Studio album by Stars
- Released: October 14, 2014
- Recorded: Mount Zoomer, Montreal
- Genre: Indie pop, electronic, synthpop
- Length: 48:35
- Label: Soft Revolution / ATO
- Producer: Stars and Liam O'Neil

Stars chronology
| The North (2012) | No One Is Lost (2014) | There Is No Love in Fluorescent Light (2017) |

Singles from No One Is Lost
- "From the Night" Released: 2014; "No One Is Lost" Released: 2014;

= No One Is Lost =

No One Is Lost is the seventh studio album by Canadian indie pop band Stars, released on October 14, 2014, by Soft Revolution / ATO Records.

==Background==
Co-produced by old friend Liam O'Neil, the album was recorded in a new studio that had just been converted from the old rehearsal space of Handsome Furs.
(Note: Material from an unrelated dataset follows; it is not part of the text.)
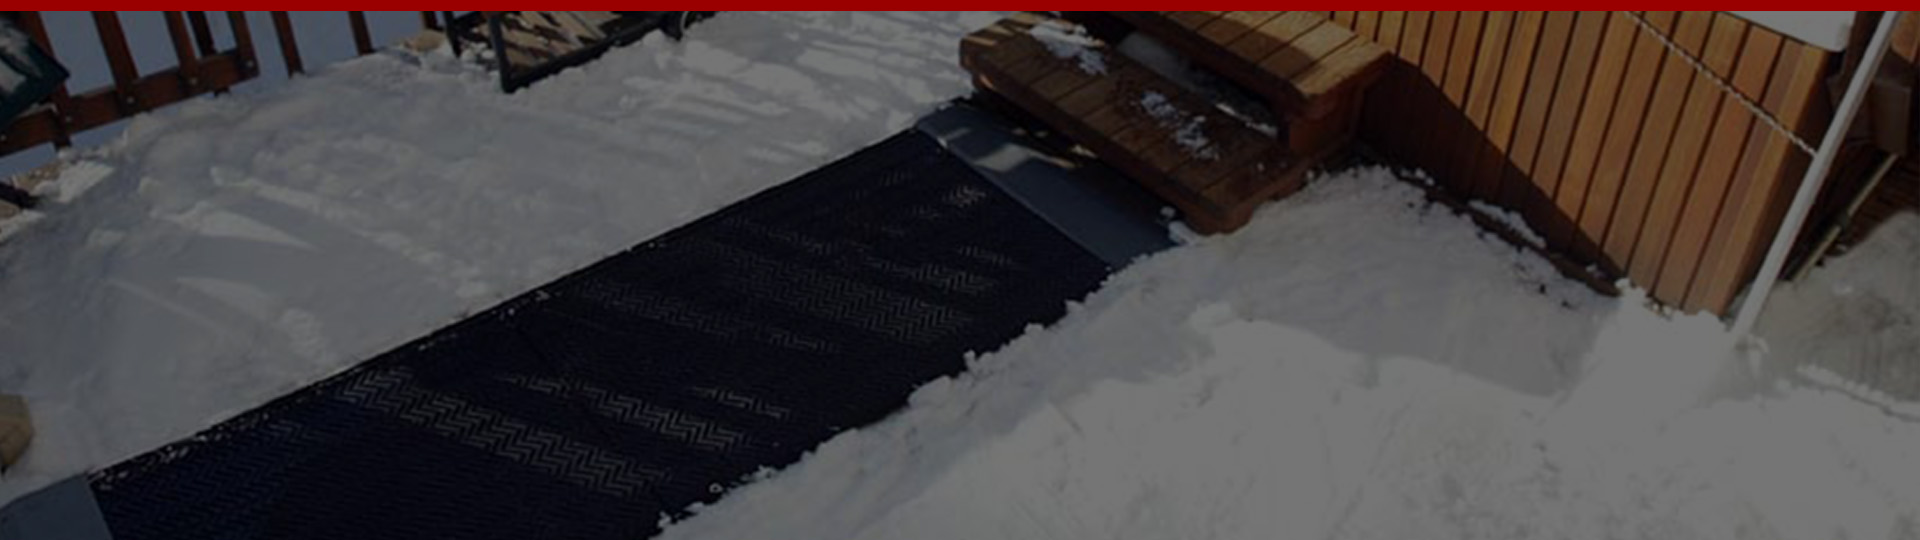 Snow melting mats banner.

Vocalist Torquil Campbell often slept on the studio's couch over the course of the sessions, and explained that the more electronic direction of the album was a result of the beats audible from the gay discothèque located on the floor below, recalling that "The music would end at 3:30. I was trying to get to sleep and Charli XCX would be, like, banging downstairs. And, I loved it."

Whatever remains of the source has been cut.